Кедров потоптался на месте. Помедлил. Подумал. В сомнении нерешительно сунул руку в карман. Не торопясь вынул синенький томик, погладил его ладонью, протянул мне:
— Ну уж ладно, нате! Только не забудьте вернуть, А то я знаю вас, обязательно заиграете.
— Нет. Честное слово, нет, Алексей Николаевич!
— Ну, верю. Добро!
Он ушел, сгорбясь, грузный, медвежевато переваливаясь в больших сапогах, и сразу в палатке стало пусто и неуютно. Как будто печка потухла. Кедров долго еще стоял возле тамбура с Сергеем Улаевым, который пошел его провожать, и что-то рассказывал, посмеивался глуховатым смешком. А Сергей мелко сыпал в ответ, как горох, круглое, задыхающееся: «Хо-хо!..»
Проводив гостя до самого КП полка, Сергей вернулся, бросил автомат на сено, лег сам и долго лежал молча. Потом вздохнул:
— Вот это человек! В огонь и воду за ним пошел бы.

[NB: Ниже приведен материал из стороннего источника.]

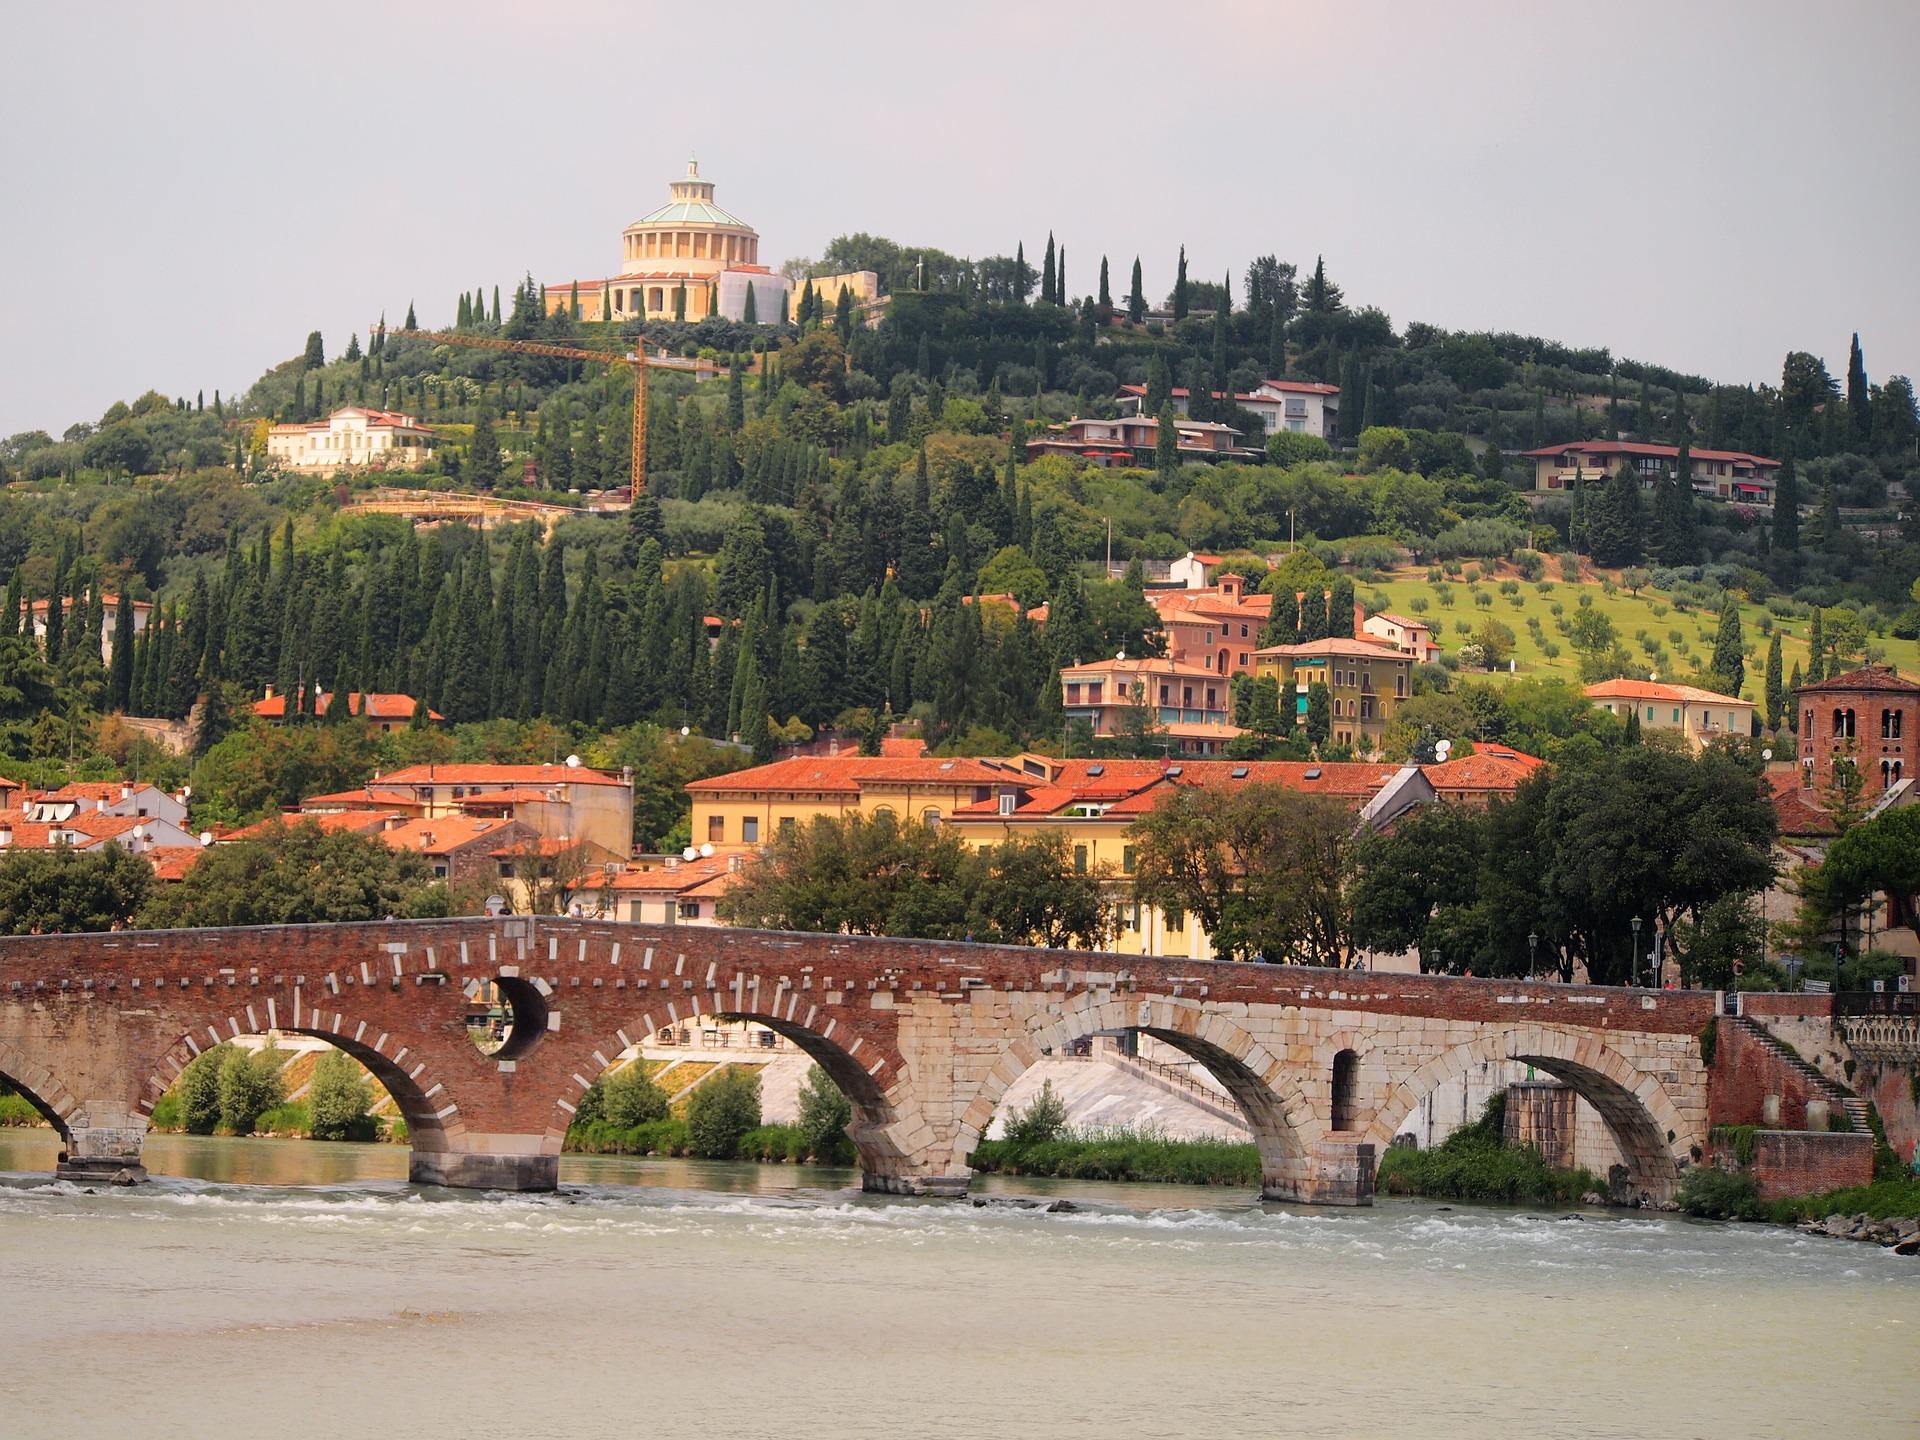 Verona's hills

Ни Женька, ни я ничего не сказали.
Кедров пришел к нам и на другой вечер, и на третий, и на четвертый. Каждый раз садился возле огня, доставал кисет или же, хлопая себя по карманам, обращался к Сергею:
— Табачок есть?
— Есть.
— Закурим?
— Закурим.
И они не спеша молчаливо курили.
Он был такой сильный, прямой, неуклюжий, что, глядя на него, я невольно улыбалась. Так мог из чащи лесов прийти на огонь диковинный зверь, могучий и добродушный.
Иногда мы с ним встречались глазами. Тогда он улыбался: незагорелые лучики возле его глаз становились тонкими.
Потом Кедров поднимался и уходил.
А потом среди ночи приехал из штаба дивизии комиссар Федор Быков и привез приказ нам срочно сворачиваться и уезжать. И в суматохе сборов я совершенно забыла о синей книжечке Блока и о Кедрове. Вспомнила, когда подъезжали уже к Кошнякам. Сидя в полуторке, на верхотуре, поверх брезентов и ящиков с грузом, я нашарила вдруг в кармане шинели шершавую, холодную на ощупь обложку и ахнула:
— Господи, а Блок-то? Как же Блок? Ведь я обещала Кедрову отдать. Подумает: нарочно заиграла…
— Блок-то Блок, да и сам не будь плох! — назидательно заметила Женька и, завернувшись в тулуп Пироговского с головой, приткнулась поплотнее к кабине.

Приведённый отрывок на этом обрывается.